No, I'm not talking about RJ Reynolds. I'm talking about McDonald's. McDonalds and many like them, from Burger King to Chuck-E-Cheese, are marketing a product which has been shown to dramatically increase the risk of heart disease, which, by the way, kills even more people every year than does lung cancer. Further, a high-fat, high cholesterol diet has been linked to obesity, which in turn increases the chance of high blood pressure and diabetes.

Yet we seem to have no problem with Ronald McDonald frolicking with Mayor McCheese and the Hamburglar during Saturday morning cartoons. Why? Because we LIKE McDonald's.

And here, then, is the root of our problem. On the whole, we Americans tend to be frightfully protective of our rights so long as it impacts us directly. Since most Americans do not smoke, the general feeling seems to be that it is a stupid, filthy habit and not worthy of protecting. But start talking about curbing our God-given right to take the family out to Pizza Hut after the softball game and now you've gone too far.

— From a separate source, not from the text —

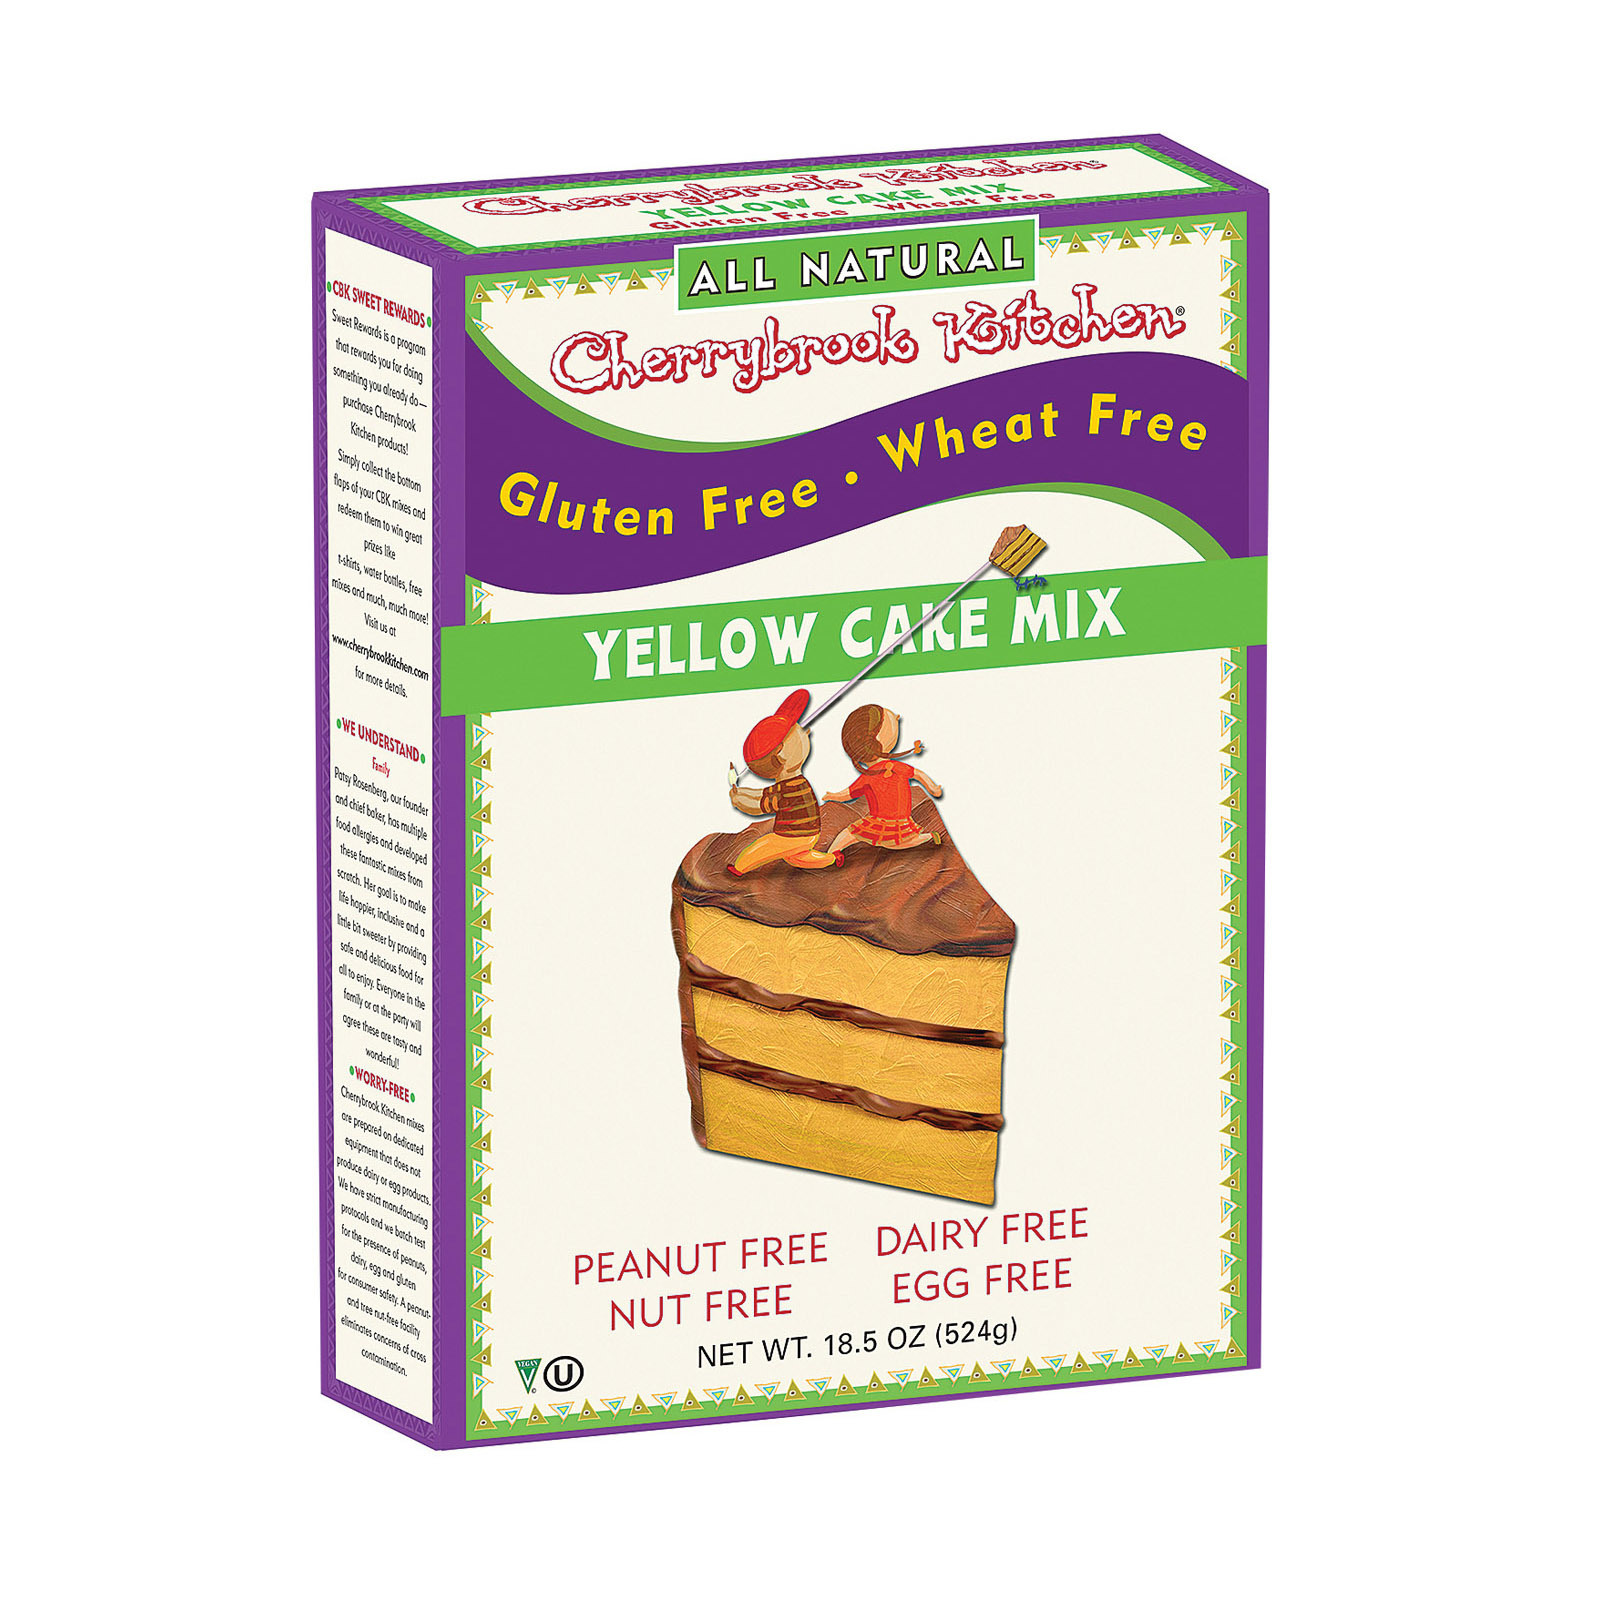 Cherrybrook Kitchen Gluten & Wheat Free Yellow Cake Mix - Case of 6 - 16 oz

Certainly there are instances where it is in the best interest of all concerned that we restrict certain activities. Should you have the right to jeopardize innocent lives by driving drunk? Absolutely not. Should you have the right to jeopardize innocent lives by driving at all? Well...I guess... How about helmets? Do you have the right to risk your own life by choosing to wear a motorcycle helmet? If not, then why shouldn't motorists also have to wear one? What about sex? Should you have the right to jeopardize innocent lives by having unprotected sex?

You see how difficult it all becomes? While indeed we do have an obligation to curtail certain rights, we must exercise extreme care when choosing which rights we do curtail and in what manner we curtail them. If randomly firing an automatic weapon into a crowd is dangerous, do we outlaw firing automatic weapons into a crowd, or do we outlaw firearms altogether? If smoking in a restaurant is dangerous, do we outlaw smoking in restaurants, or do we outlaw smoking altogether? If having sex with a minor is bad for the minor, do we outlaw having sex with a minor, or do we outlaw sex altogether.

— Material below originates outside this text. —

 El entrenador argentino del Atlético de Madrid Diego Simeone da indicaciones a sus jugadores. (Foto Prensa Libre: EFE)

What we have GOT to realize, what we simply MUST understand if we are to have any hope of retaining what few freedoms we have left, is that every time you restrict the right of another person, the rights of Americans on the whole have been reduced by one. This time it's your neighbor's right to kill himself with cigarettes, next time it might be your right to kill yourself with cheese burgers, eventually it might be your children's right to kill themselves by not maintaining their federally-mandated allotment of aerobic exercise.

Wake up, people, and for once try to imagine where all this is headed.